Tomorrow, March 31, at midnight CST, voting for the 2018 Readers Choice Award Contest will close.  Don’t miss your chance!  In case you are new to Songs of Eretz or tuning in late, information about the contest may be found here http://www.songsoferetz.com/2018/02/announcing-1st-annual-songs-of-eretz.html.

As of today, "Autismville" by Melinda Coppola has a commanding lead, and Coppola's "7 a. m." is solidly in second place.  Tied for a distant third are "Deceptive Cadence" by Carol Kner and "The Great Escape" by Yoni Hammer-Kossoy.  "When I Am Old" by Tim Amsden is in fifth place, while "Passing On" by Carol Kner and "The Poet Says This Is How You Should See" by Melinda Coppola are in sixth and seventh (last) place respectively.


Vote for your favorite poem by sending an email to Editor@SongsofEretz.com.

"Morgan le Fay Haunts Evergreen Park" by Sylvia Cavanaugh

Songs of Eretz Poetry Review is pleased to present “Morgan le Fay Haunts Evergreen Park” by Sylvia Cavanaugh.
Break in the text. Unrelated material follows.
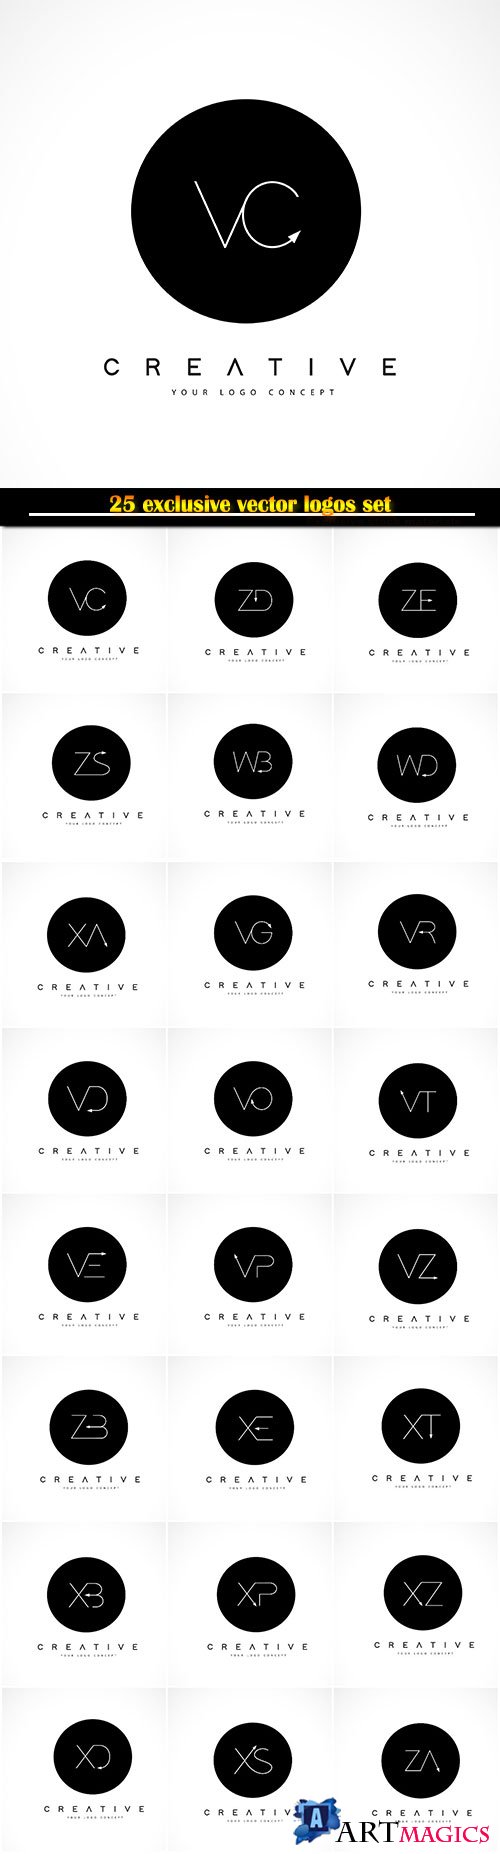 Logo vector design with black and white creative text letter

Cavanaugh has an M.S. in Urban Planning from the University of Wisconsin, teaches high school African and Asian cultural studies, and advises break-dancers and poets. She and her students are actively involved in the Sheboygan chapter of 100,000 Poets for Change.

Cavanaugh’s poems have appeared in numerous literary journals and anthologies.  She is a contributing editor for Verse-Virtual: An Online Community Journal of Poetry.  Finishing Lines Press published her chapbook, “Staring Through My Eyes,” and Kelsay Books will publish her second chapbook, “Angular Embrace,” in April. You can find more of Sylvia’s poetry at https://sylviacavanaugh.com/.  Cavanaugh originally hails from Pennsylvania.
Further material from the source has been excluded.